The motivation of this project has to do with a desire of a colleague of mine to do development work on an installation of Fedora Core 14.

Keep in mind that FC is not at this time a supported distro for Teradata!

We are starting with a Fedora Core 14 32bit guest machine running in VMWare Workstation. Host is Windows XP SP3. All libraries required to get VMWare tools installed and running have been pre-installed so there may be some dependencies already in place that are not listed. The Fedora core instance is fully updated as of today. SELinux has also already been disabled.



Lets Go! - Download Driver Package:

Alright, first thing is first, lets start out by downloading the Teradata drivers. Go to:
www.teradata.com/downloadcenter/
Follow ODBC -> Linux and download the correct package (TTU 13.10 LINUX-INDEP tdodbc.13.10.00.01 in my case)

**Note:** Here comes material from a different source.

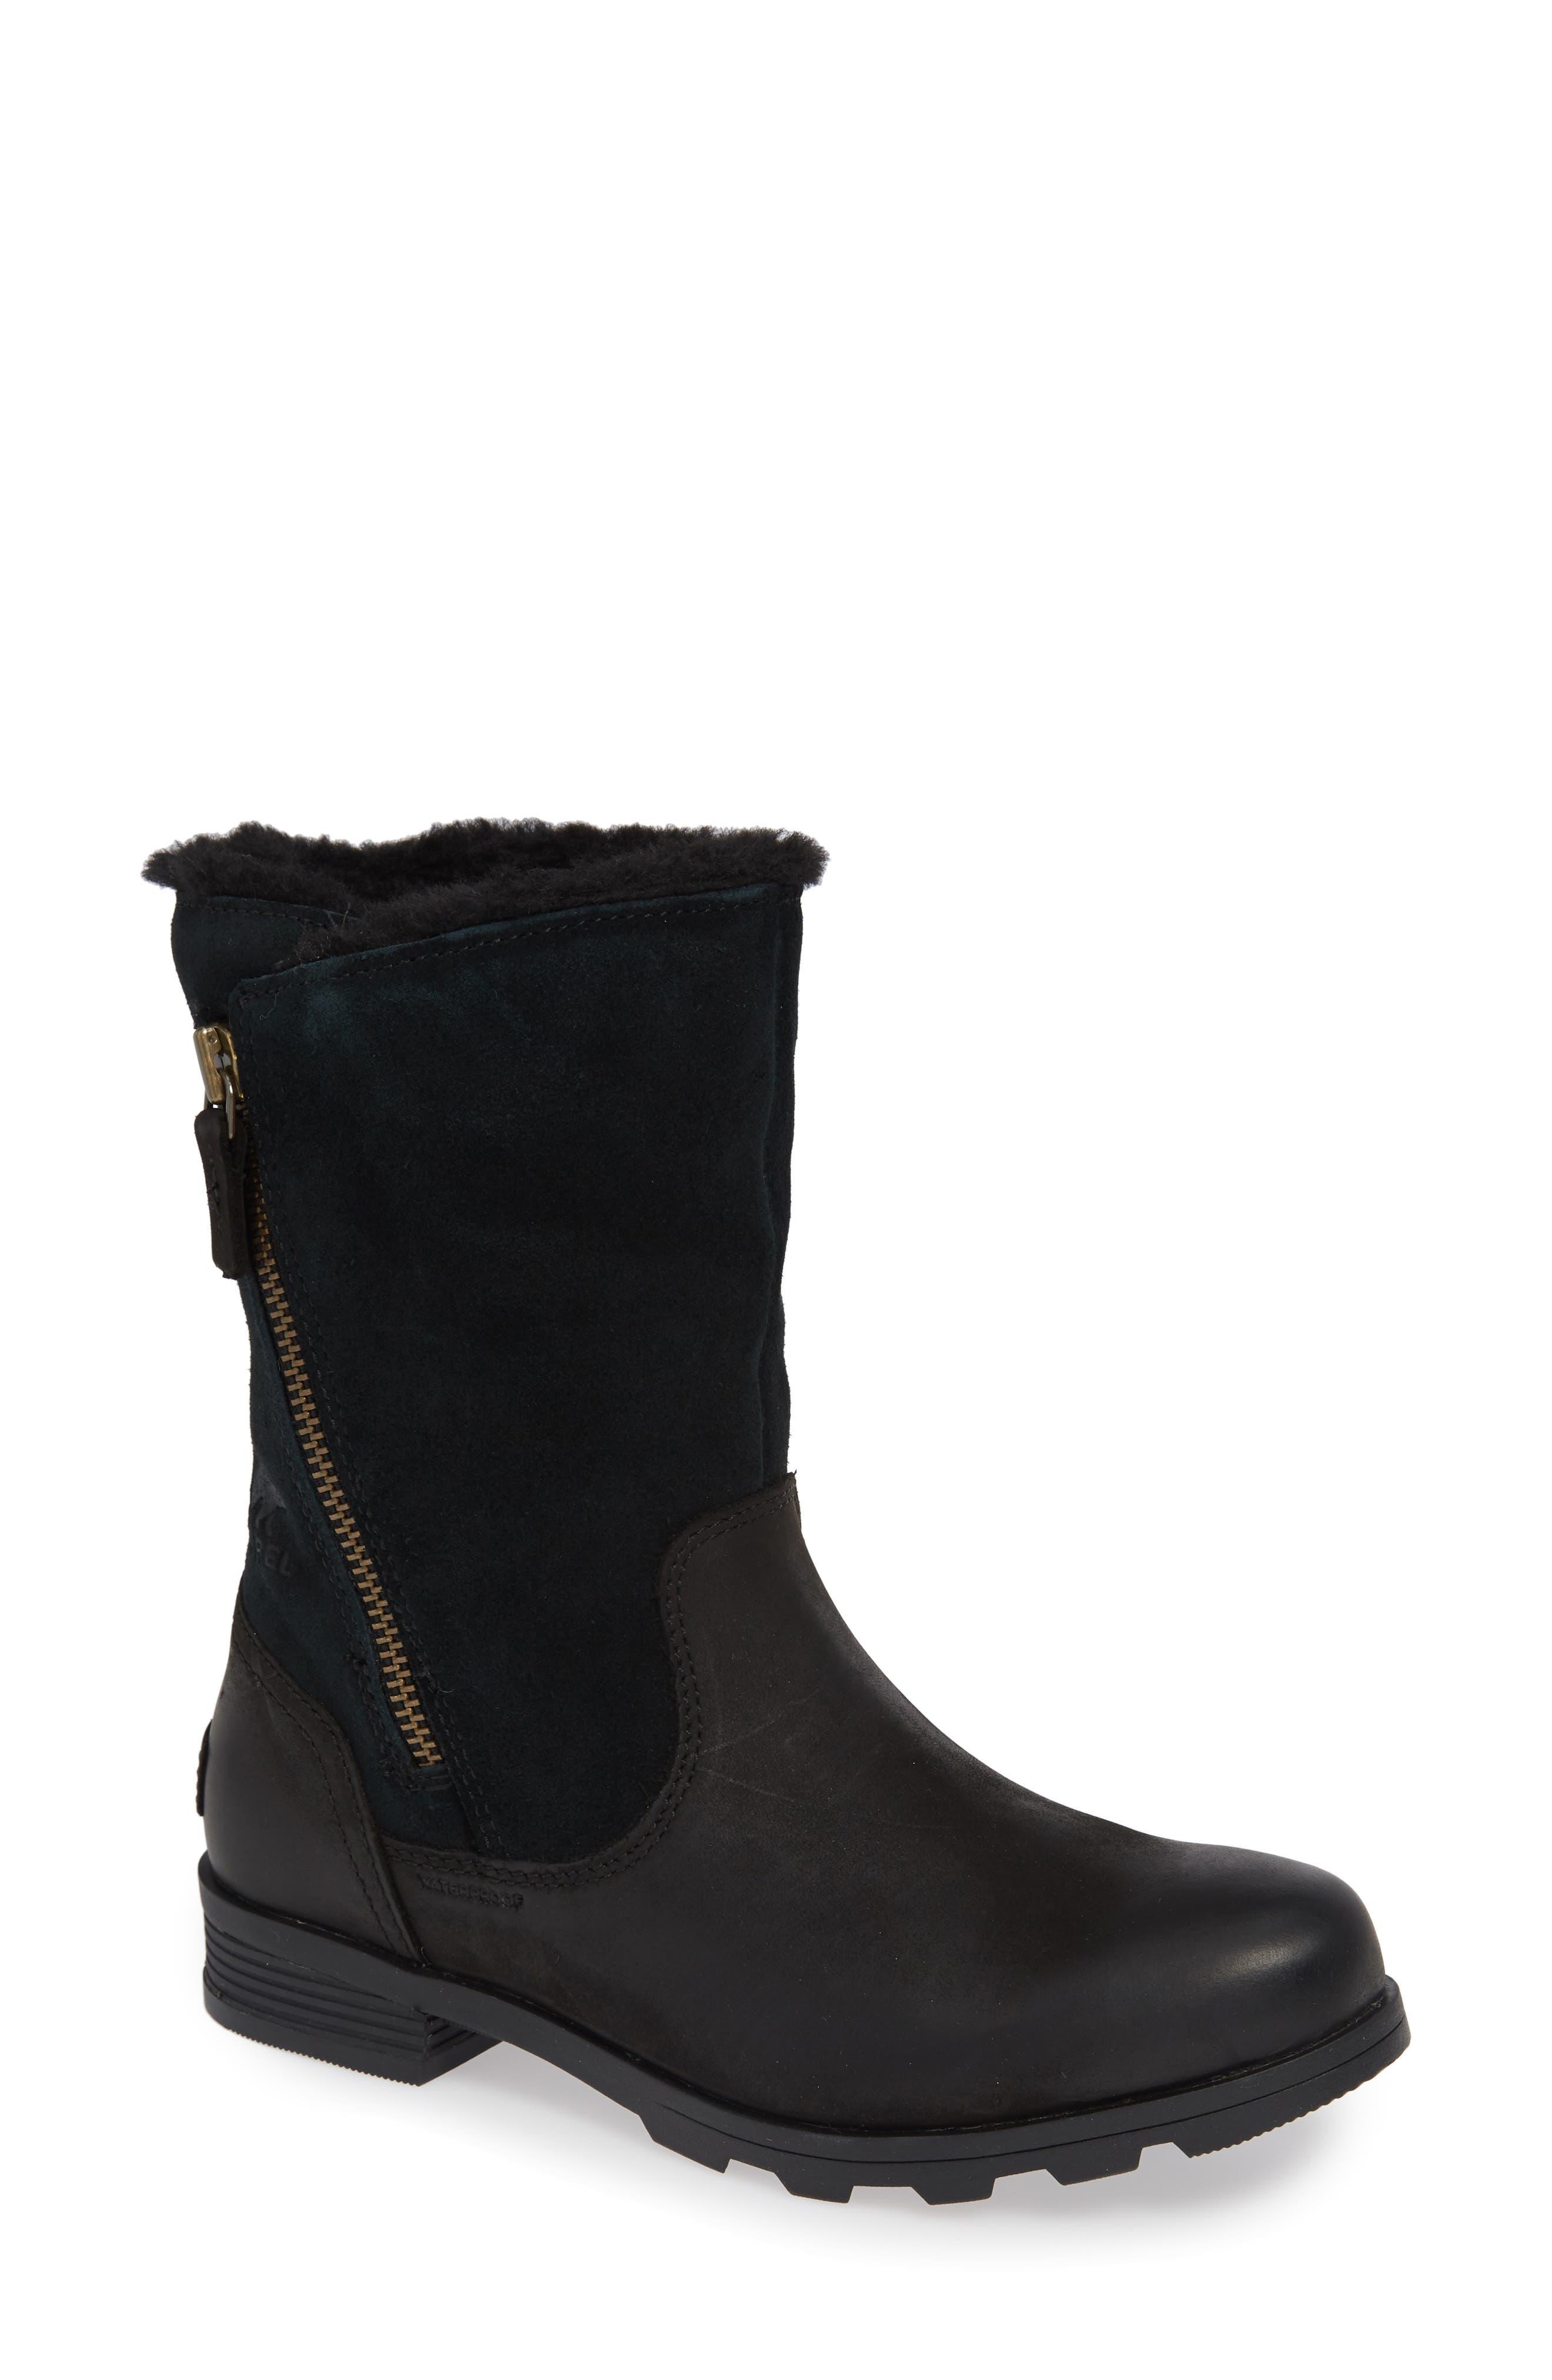 Emelie Waterproof Faux Fur Lined Boot,                             Main thumbnail 1, color,                             BLACK

Keep going until you download the .tar.gz package (tdodbc__LINUX_INDEP.13.10.00.01-1.tar.gz)

Make sure to first read the accompanying README file before proceeding it will detail any dependencies that *may* need to be installed on your OS. Since FC is not supported we cannot rely on this documentation to be all inclusive but it can provide great hints.

Once you have downloaded the drivers, move into the directory holding the downloaded file. Create a directory to hold expanded files and then untar the archive:


[cj@fc14 Downloads]$ mkdir /tmp/td
[cj@fc14 Downloads]$ mv tdodbc__LINUX_INDEP.13.10.00.01-1.tar.gz /tmp/td/
[cj@fc14 Downloads]$ cd /tmp/td
[cj@fc14 td]$ tar xof tdodbc__LINUX_INDEP.13.10.00.01-1.tar
.gz

You should have now have 3 component archives and readme files in your working directory.
tdodbc*
tdicu*
TeraGSS*

TeraGSS has redhat and suse versions.

Take a moment out to remember that FC is a Redhat OS and expand each archive:

[cj@fc14 td]$ tar xof tdicu__linux_indep.13.10.00.00-1.tar.gz
[cj@fc14 td]$ tar xof TeraGSS_redhatlinux-i386__linux_i386.13.10.00.02-1.tar.gz
[cj@fc14 td]$ tar xof tdodbc__linux_x64.13.10.00.01.tar.gz


Installing Teradata Driver Packages:

Now install the tdicu package:

[cj@fc14 td]$ cd tdicu
[cj@fc14 tdicu]$ sudo rpm -ihv tdicu-13.10.00.00-1.noarch.rpm
 


Output:
Adding TD_ICU_DATA environment variable to /etc/profile file.
Adding TD_ICU_DATA environment variable to /etc/csh.login file.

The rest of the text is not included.